We may not be able to tell decisionmakers when the pile will collapse but we might be able to say that the sandpile is so carefully balanced that a single grain of sand will, eventually, cause it to collapse.  Efforts to alleviate the crisis, such as negotiated ceasefires and diplomatic talks, can be seen as ways of trying to take the system out of the critical state, of draining sand from the pile.

Modeling crises in this way puts a premium on context and not just collection.  What is more important is that senior decisionmakers know that this is what they need.  As then MG Michael Flynn noted in his 2010 report, Fixing Intel
"Ignorant of local economics and landowners, hazy about who the powerbrokers are and how they might be influenced, incurious about the correlations between various development projects and the levels of cooperation among villagers, and disengaged from people in the best position to find answers – whether aid workers or Afghan soldiers – U.S. intelligence officers and analysts can do little but shrug in response to high level decision-makers seeking the knowledge, analysis, and information they need to wage a successful counterinsurgency."

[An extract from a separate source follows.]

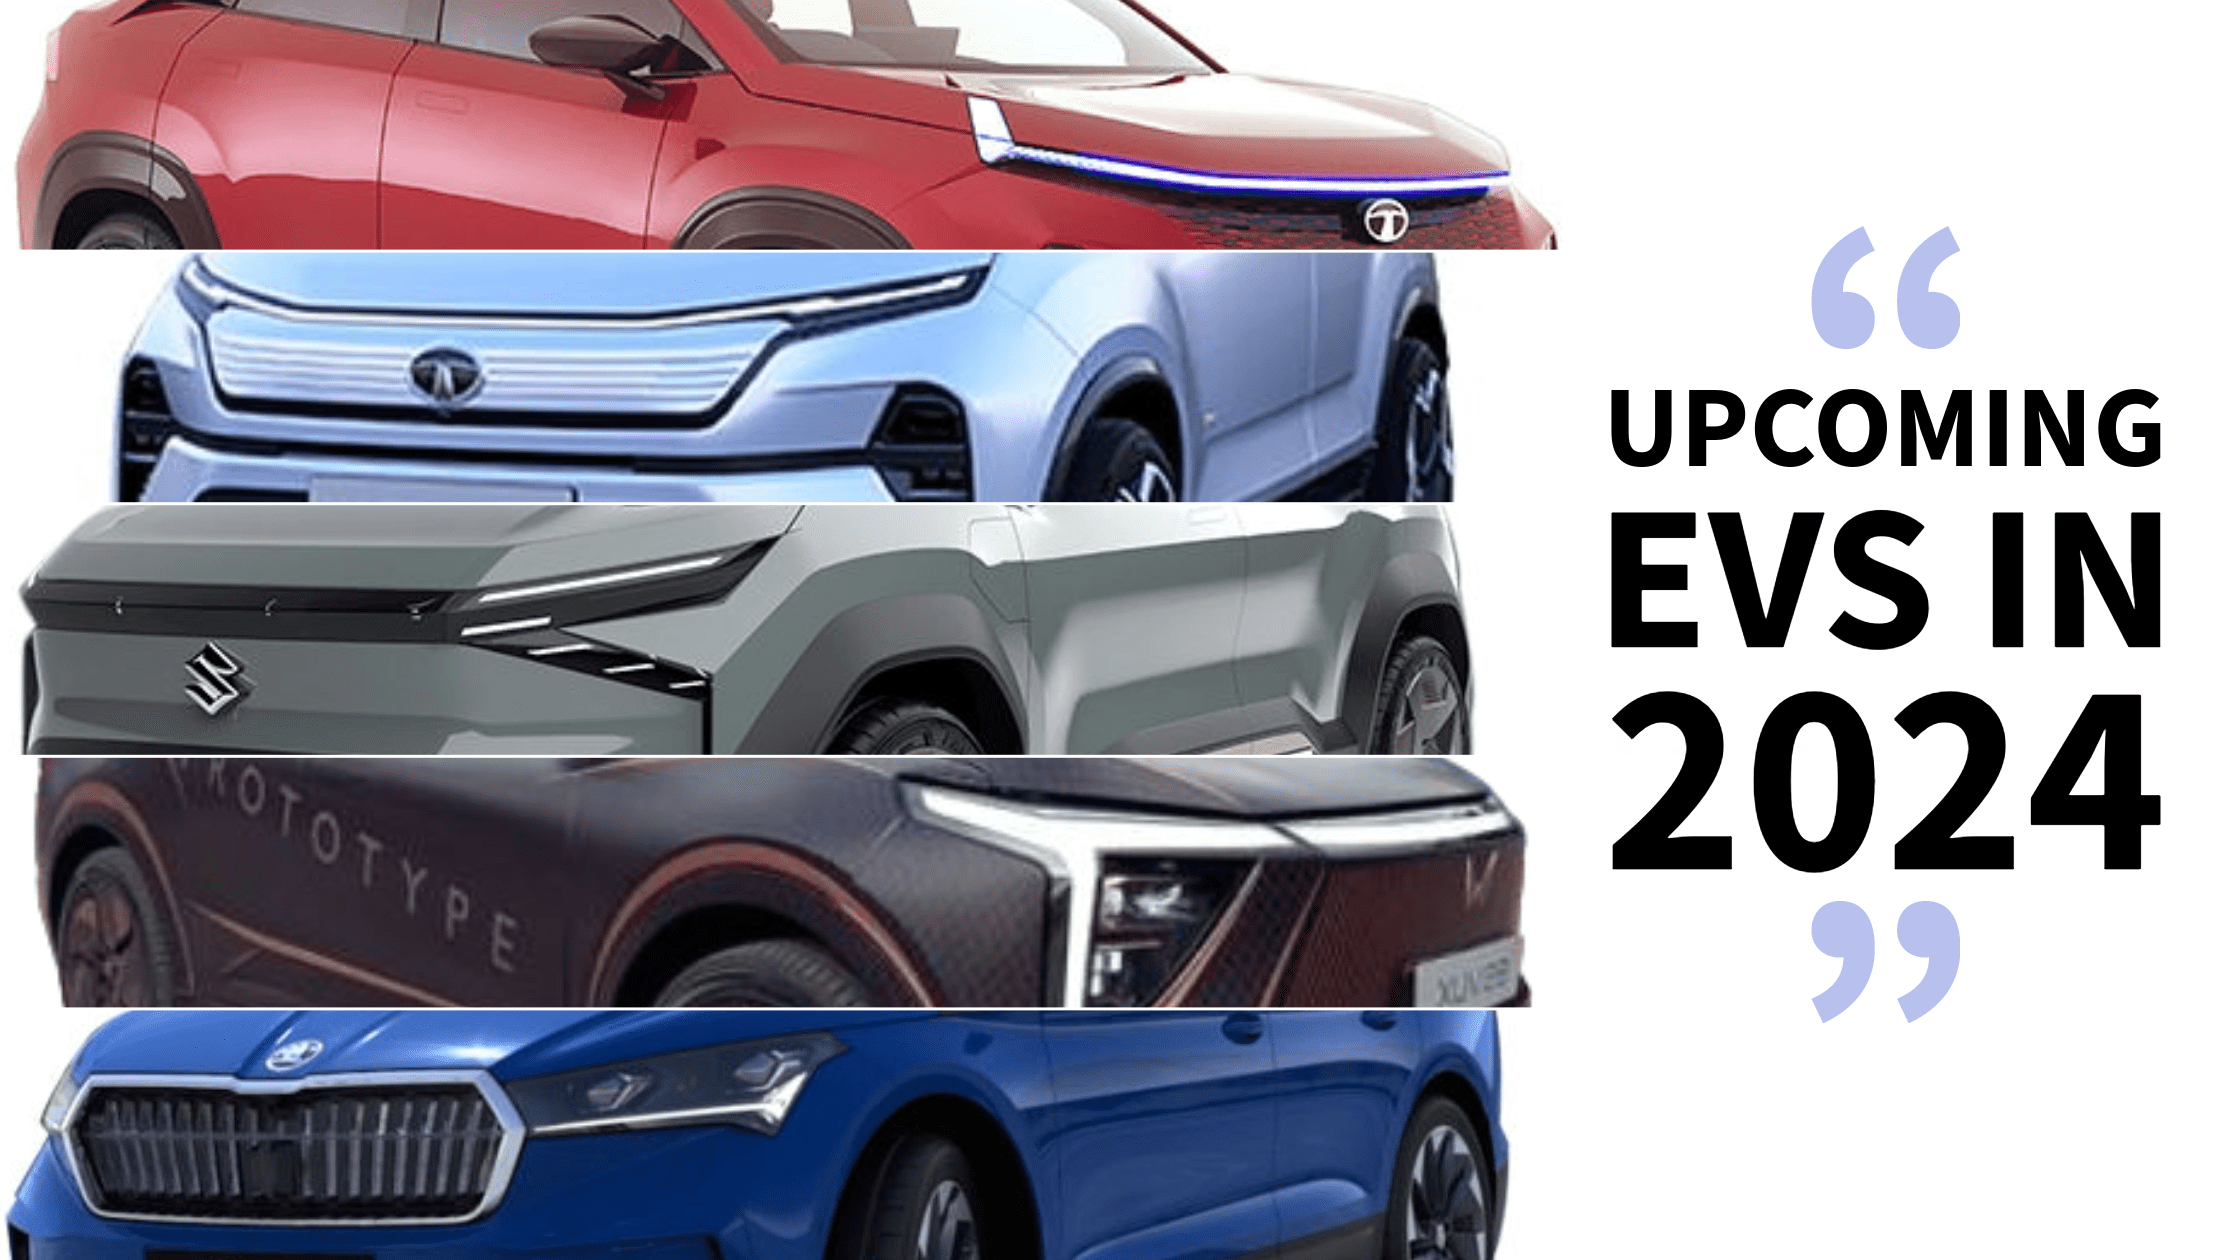 You are currently viewing Upcoming EVs in 2024 From Tata Curvv EV to Skoda Enyaq, these 5 amazing EVs will be launched this year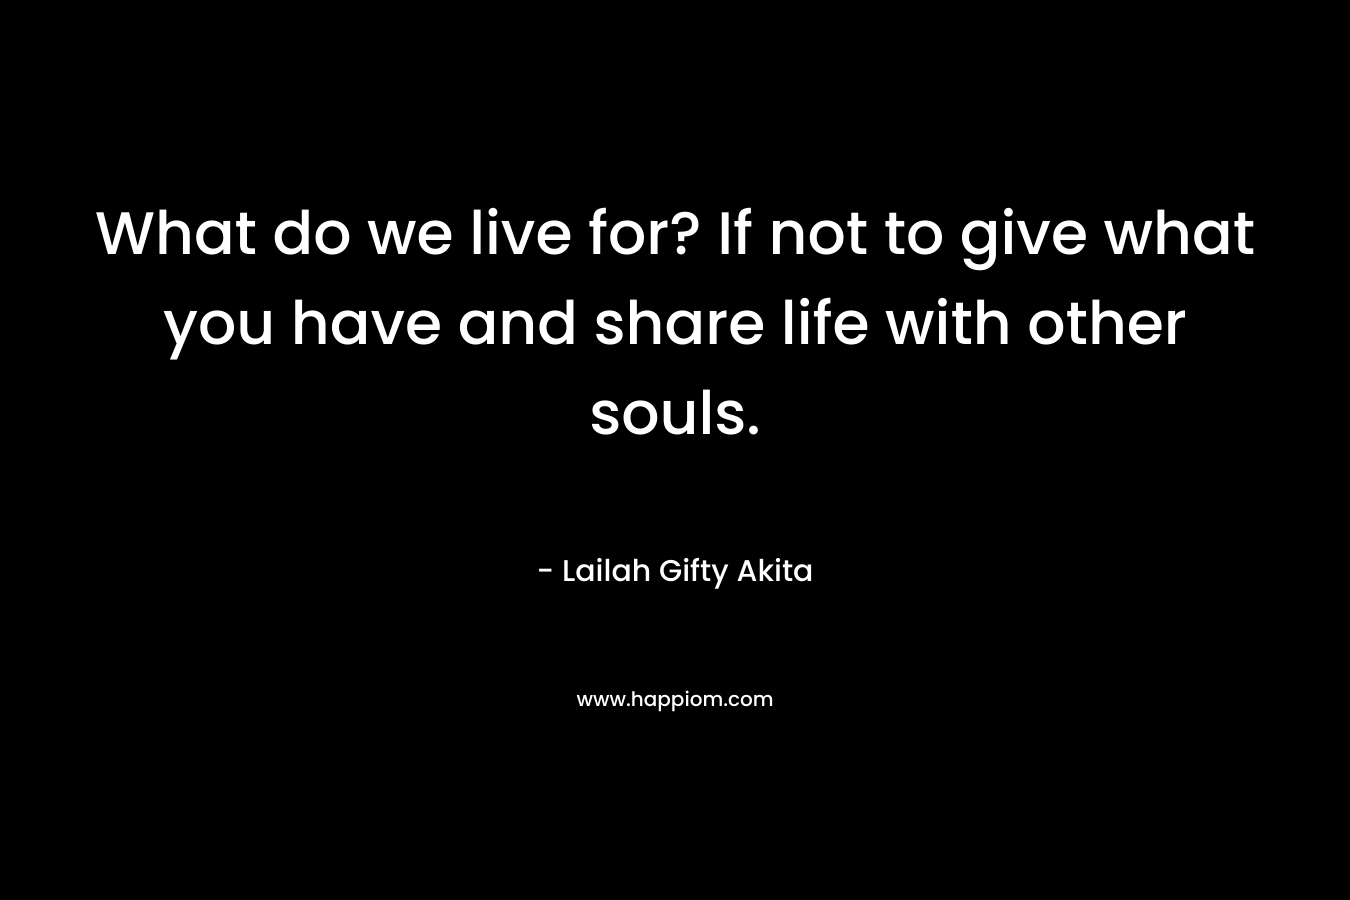 What do we live for? If not to give what you have and share life with other souls.

The bad news is that the science of complexity has not, to the best of my knowledge, been able to successfully model anything as complicated as a real-time political crisis.  That doesn't erase the value of the research so far, it only means that there is more research left to do.

In the meantime, analysts and decisionmakers should start to think more aggressively about what it really means to model the sandpile of real-world intelligence problems, comforted by the idea that there might finally be a useful way to analyze black swans.